Yet after testing the Mac Pro alongside one of the best iMacs you can buy, both on loan from Apple, I learned a valuable lesson: You don’t need a Lamborghini when you can buy a Lexus for half the price.
As Geoffrey Fowler correctly interprets, this Mac Pro is an elite supercar compared to most Macs or PCs. Since it was revealed in June, I’ve been forming a similar opinion on the Mac Pro (Late 2013). The comparison draws from Steve Jobs’ appearance at the D8 conference, where he discussed the PC’s place in the newly coined “Post-PC” era (Text/Video).
The only problem with the new Mac Pro, as I see it, is that Apple delivered a fantastic supercar – to replace their truck. Imagine the reactions if Ford positioned the GT as a replacement for the F-650. The big box allowed anyone to customize the Mac Pro to their needs while providing a reliable chassis for sustained loads. The new model has fewer options while moving reliability and longevity into an unknowable category.
Looking under the
hood shell of the Mac Pro reveals a beautiful, forward-looking machine at the limits of today’s technology, much like the original 2008 MacBook Air. That machine was compromised from the start, between performance, heat and size, while suffering from reliability issues and ultimately a short lifespan. Other cutting-edge Macs have encountered these types of compromises as well, such as the MacBook or PowerMac G4 Cube. They were also known for a lack of performance and/or questionable reliability. Ideally, this next generation Mac Pro will avoid the pitfalls of previous first-generation Macs.

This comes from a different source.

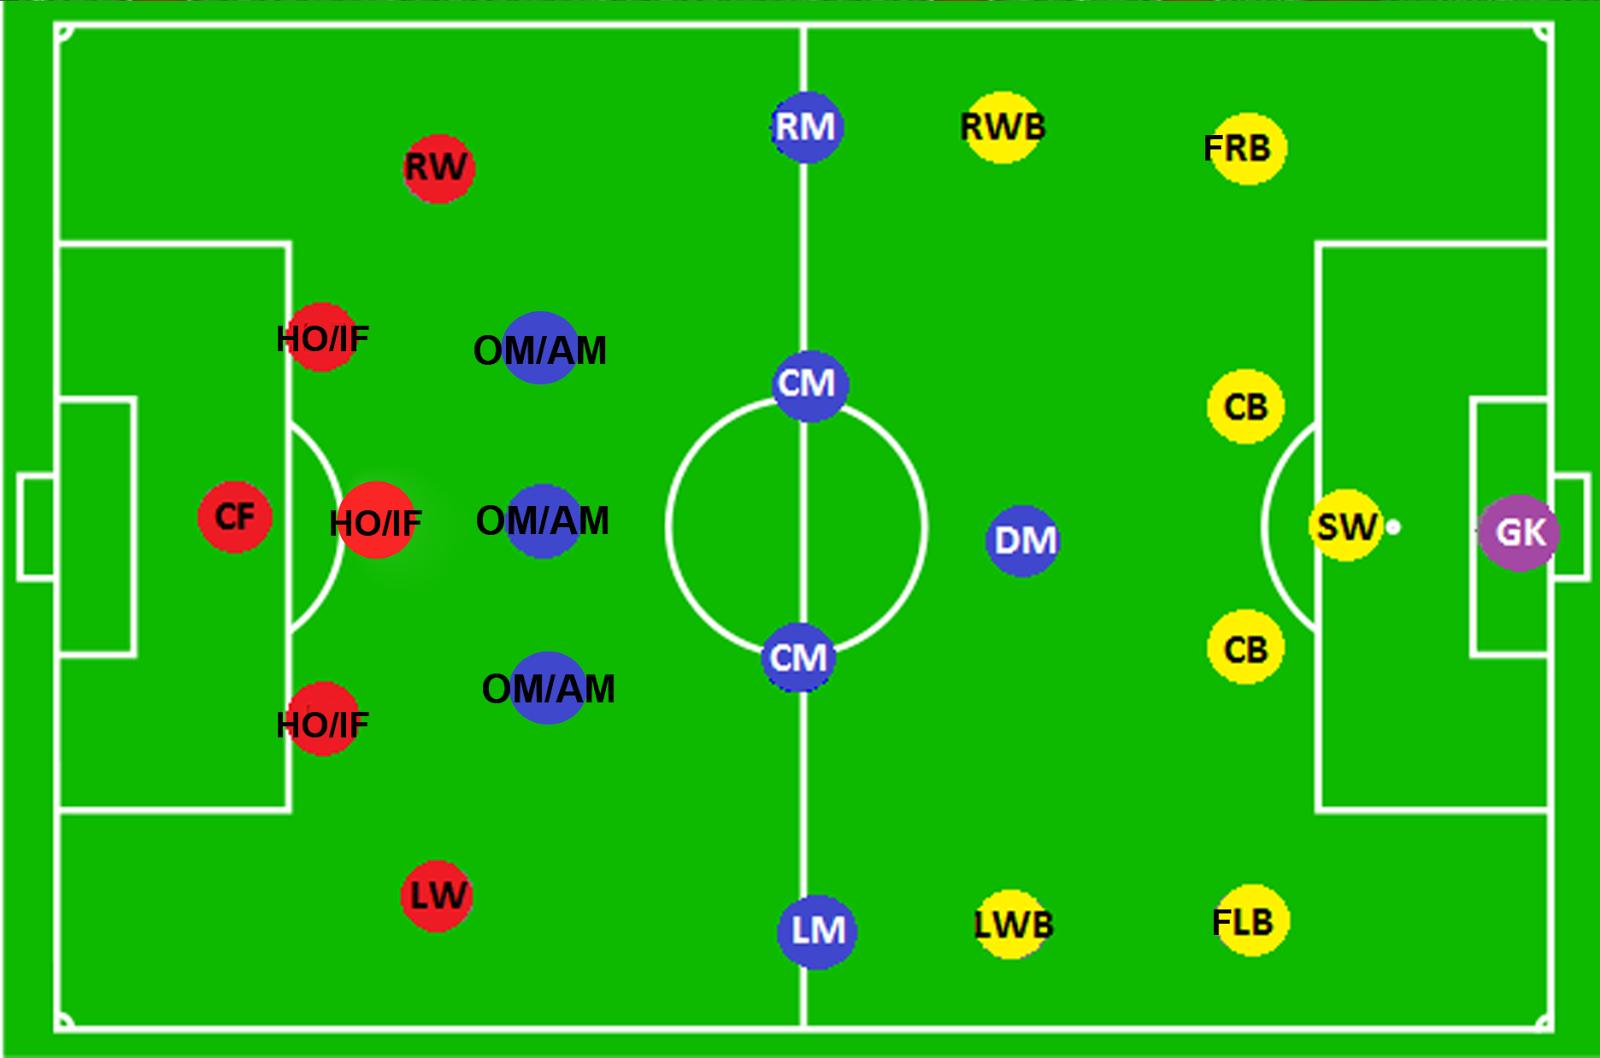 Gambar Lapangan Sepak Bola Lengkap Dengan Ukuran Dan Posisi Pemain Berbagai Ukuran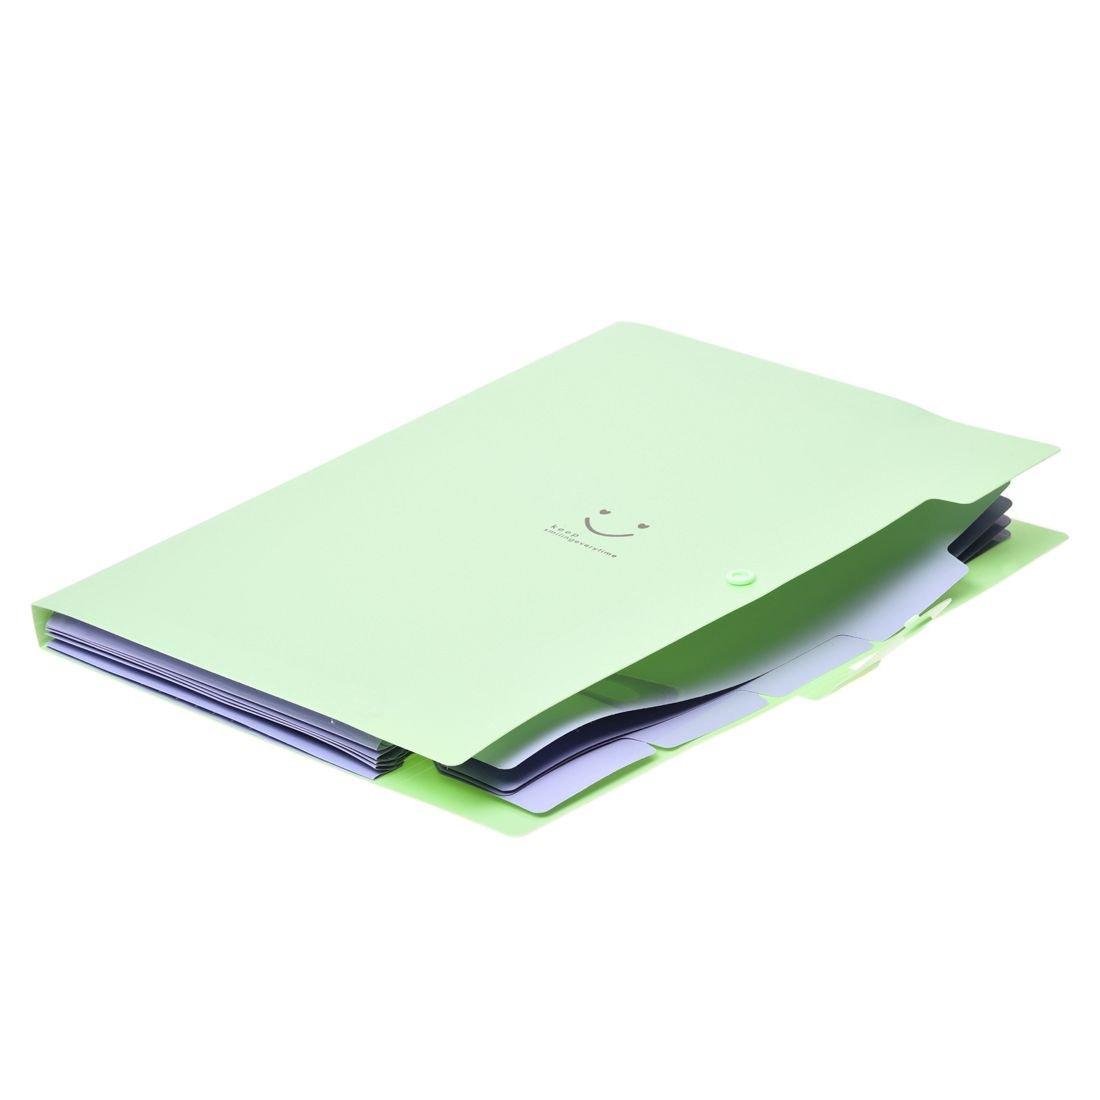 Amazon.com : SODIAL(R) Kawaii FoldersStationery Carpeta File Folder 5layers Archivadores Rings A4 Document Bag Office Carpetas£¨Light Green£ : Office ...

The Anandtech review, however, shows that the Mac Pro has a craving for PCIe lanes – like a supercar craves more air for combustion. More than anything, the available number of PCIe lanes seemed to have dictated the direction of the Mac Pro. One SSD, shared USB3 throughput, paired Thunderbolt channels and lack of internal expansion are all driven by the limited number of communication channels the Intel platform provides.
Setting aside the possibility of retaining the old form factor, it would’ve been nice to see more diverse configuration options for the Mac Pro to better suit the needs of its users. What about swapping one of the GPUs with a another CPU? Or sacrificing a GPU for more storage (SSD) slots? How about extra RAM slots? Mismatched GPUs with a high-end consumer (gaming) option? Heck, why not a new card slot standard to drop whatever you want into the second GPU space? These are the kind of options I would like to see in future revisions of the Mac Pro.
Walking back slightly from a one-size-fits-all attitude and providing a highly configurable chassis would be the ideal direction in which to take the Mac Pro for future revisions. As impressive a supercar as it may be, there’s still room for a true truck-style Mac Pro in the line up.